И снова прохладный молчаливый коридор с удаляющейся фигурой в белом халате. И назойливый запах реанимации. Нет, еще не сейчас, я не буду думать об этом. Но о чем же, о чем мне сейчас подумать?

…Он, как всегда, отправил ее вперед, и она шла одна в слепяще-белом свете дня. И озеро вблизи оказалось гигантской ямой с мутной застоявшейся водой, края ямы, испакощенные, замусоренные, пересеченные в разных направлениях дорожками, заросли белладонной. А сурепка пропитана пылью от бетономешалки. Кучи мусора, бездомные собаки – из снесенных старых домов, огромное, раскаленное добела небо… и на нем когти экскаватора. Новые дома возникали с такой быстротой, что она всякий раз, приходя туда, плутала по полчаса – из тех драгоценных трех, что они могли провести вместе. Вот и теперь – сколько ни глядела она из окна реанимации, а никак не могла узнать дом, где они встречались тогда и откуда было видно поле сурепки на берегу озера и неподвижно сидящих рыбаков. Зато как хорошо знакомы ей дверь реанимации, прохладные коридоры, запах спирта, хлороформа, кровати, разделенные клеенчатыми занавесками…

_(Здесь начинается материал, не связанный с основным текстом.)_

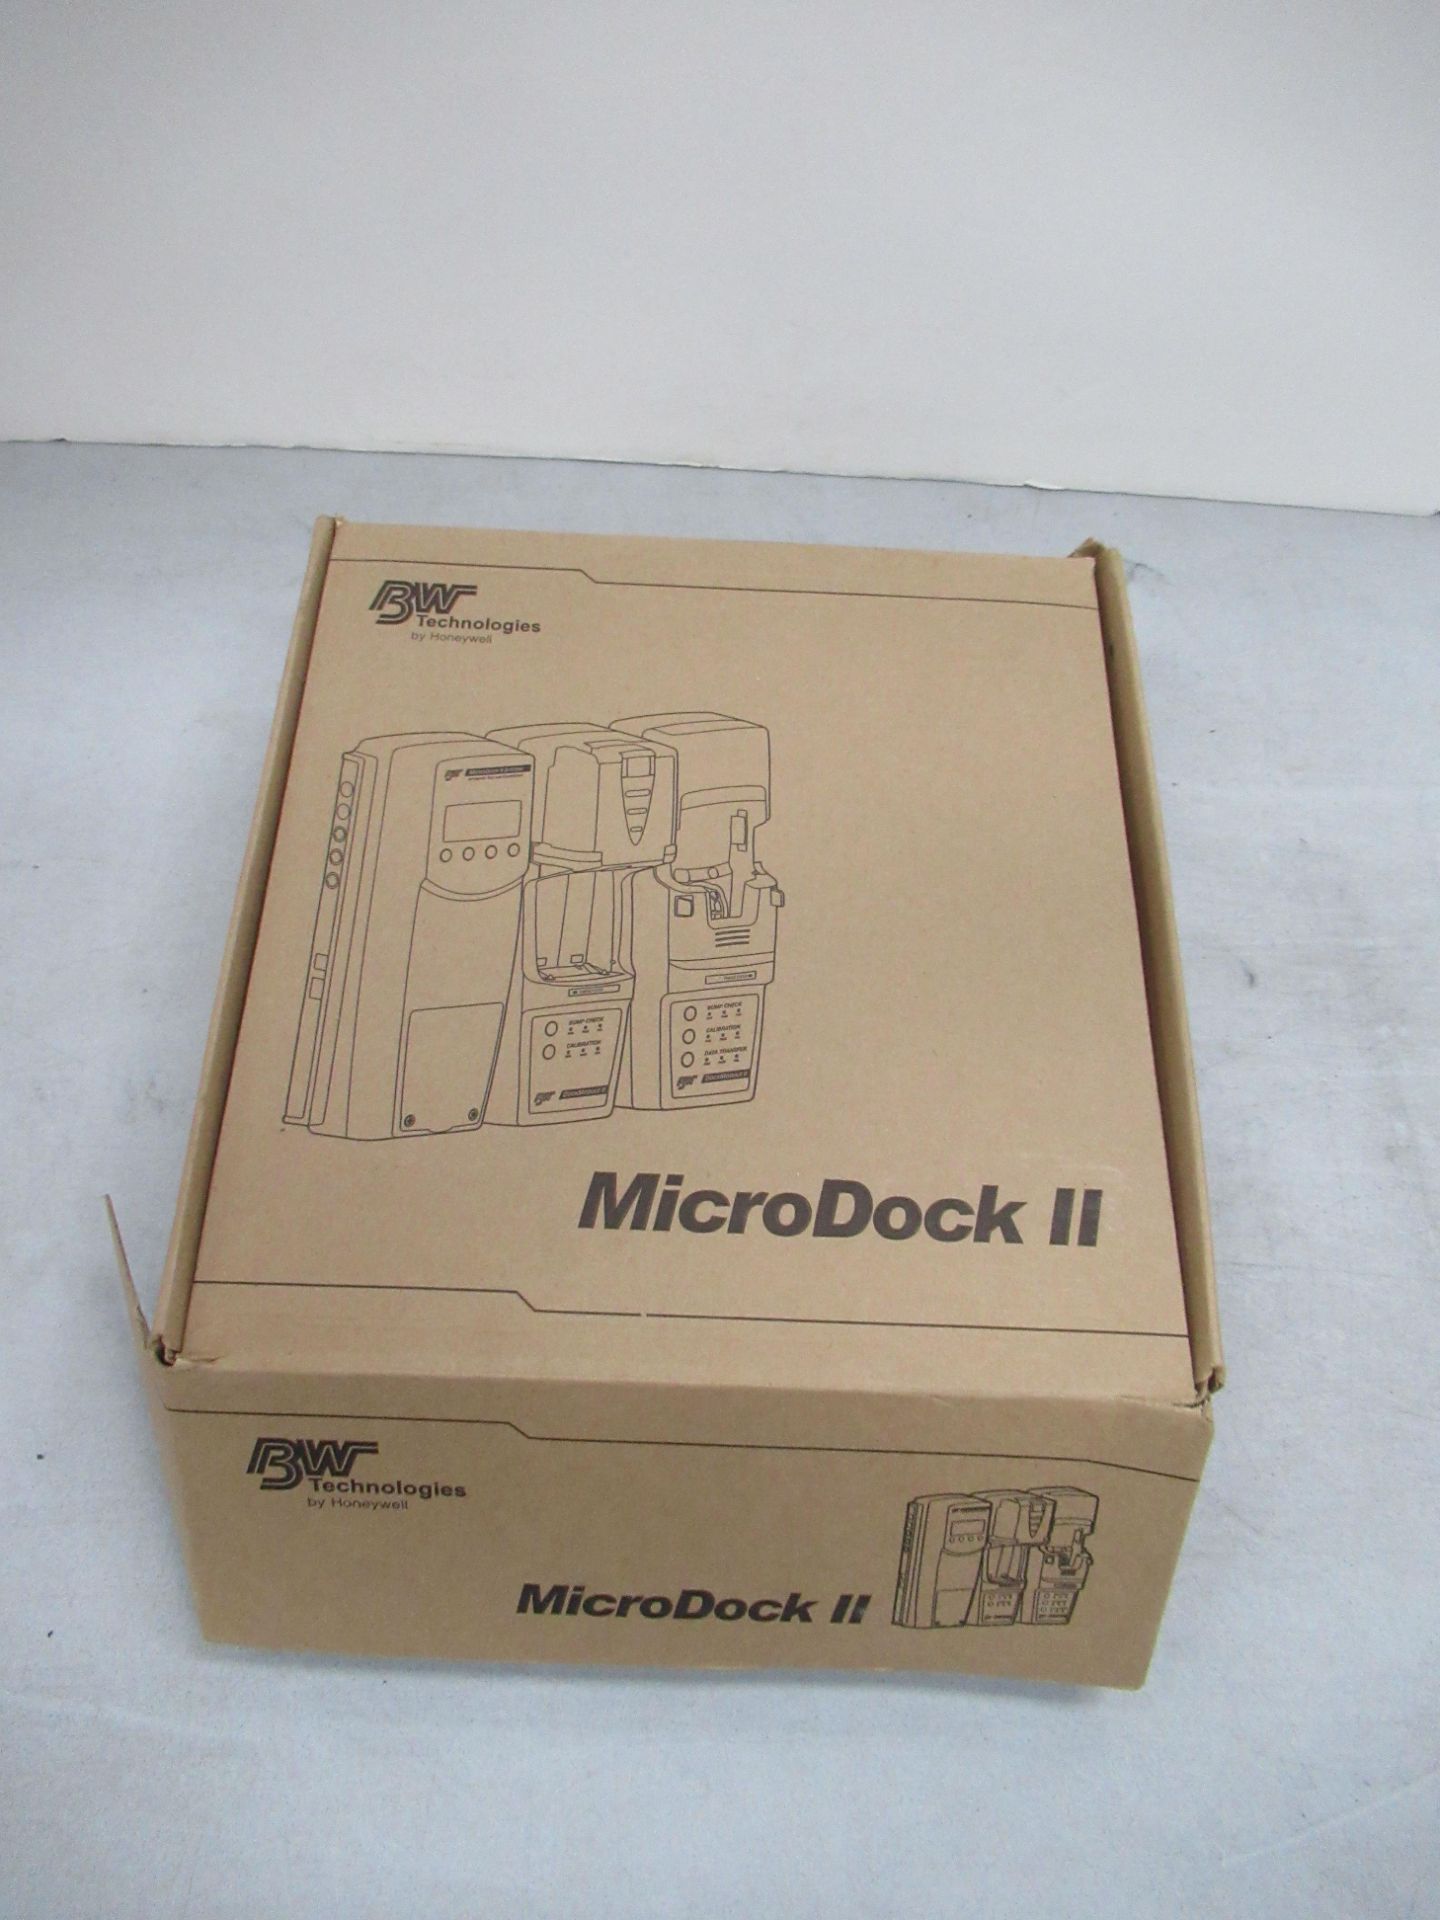 BW (By Honeywell) MicroDock II Docking Station - boxed

– Что вам здесь надо? Кого вы ищете?

Тетя Вика! На табурете у кровати. В своем парадном платье, сшитом еще до войны: темно-синего натурального шелка в белый горошек. Под мышками оно, правда, малость посеклось, но это не видно.

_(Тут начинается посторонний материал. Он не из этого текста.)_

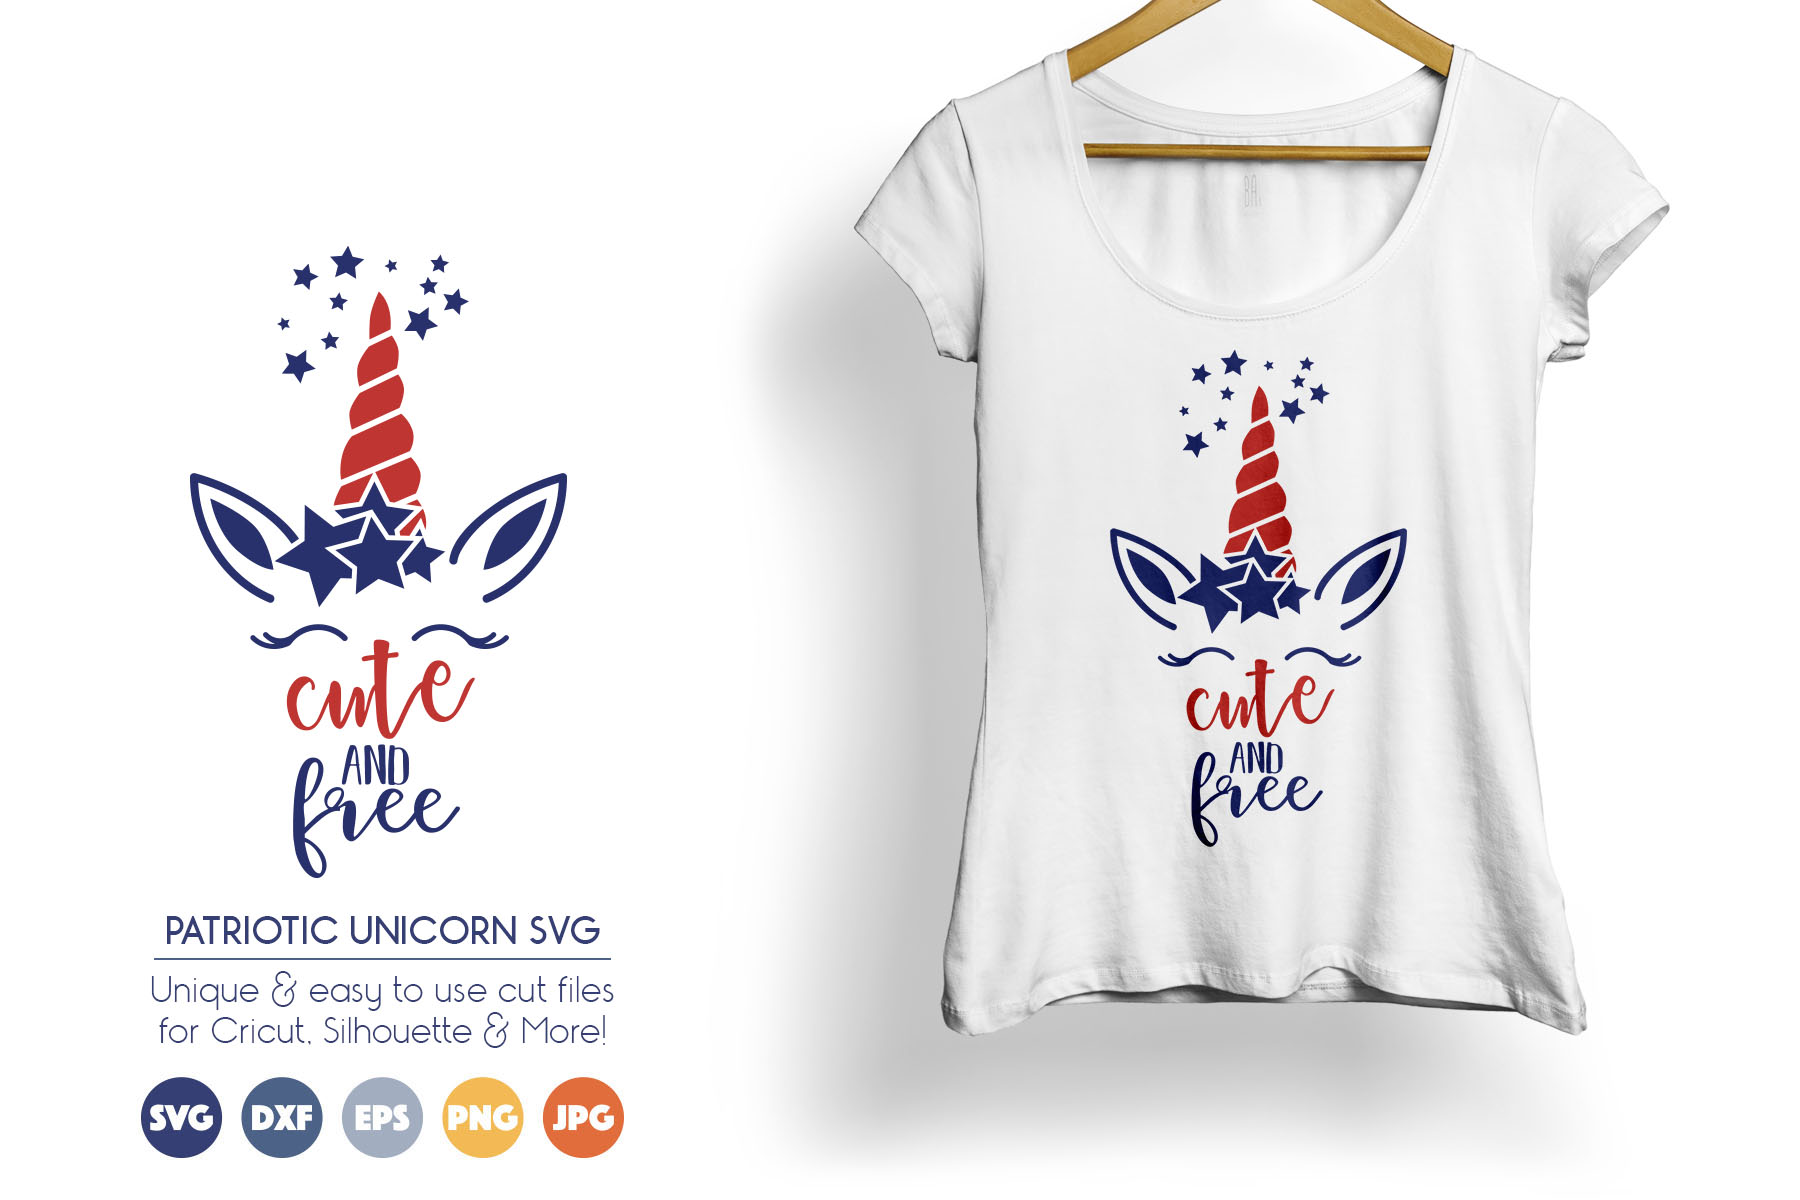 Download Patriotic Unicorn SVG Cut Files - July 4th - Cute and Free

– Зачем ты пришла? Ведь я сказала тебе: сиди дома.

– Ну-ну, дорогая Романица!

У окна на табуретках – мадам Стэнеску и господин Попеску. Соседи тети Вики.

– Ну-ну, дорогая, как же ей не повидаться с сестрой? Она имеет право.

Мадам Стэнеску высокая, худая, с длинным угреватым носом. Мадам Стэнеску растит внука. По утрам сын мадам Стэнеску привозит его на машине, а вечером забирает. Внук боится мадам Стэнеску. И с невесткой она не ладит.

– Когда мы пьем у меня кофе, только и разговору – мол, опять звонила детям и опять не дозвонилась. Убивается она, говорит, ничего не знаю о сестре… Мы и апельсины принесли.

– Я господину Попеску десять леев дала, – вставляет тетя Вика.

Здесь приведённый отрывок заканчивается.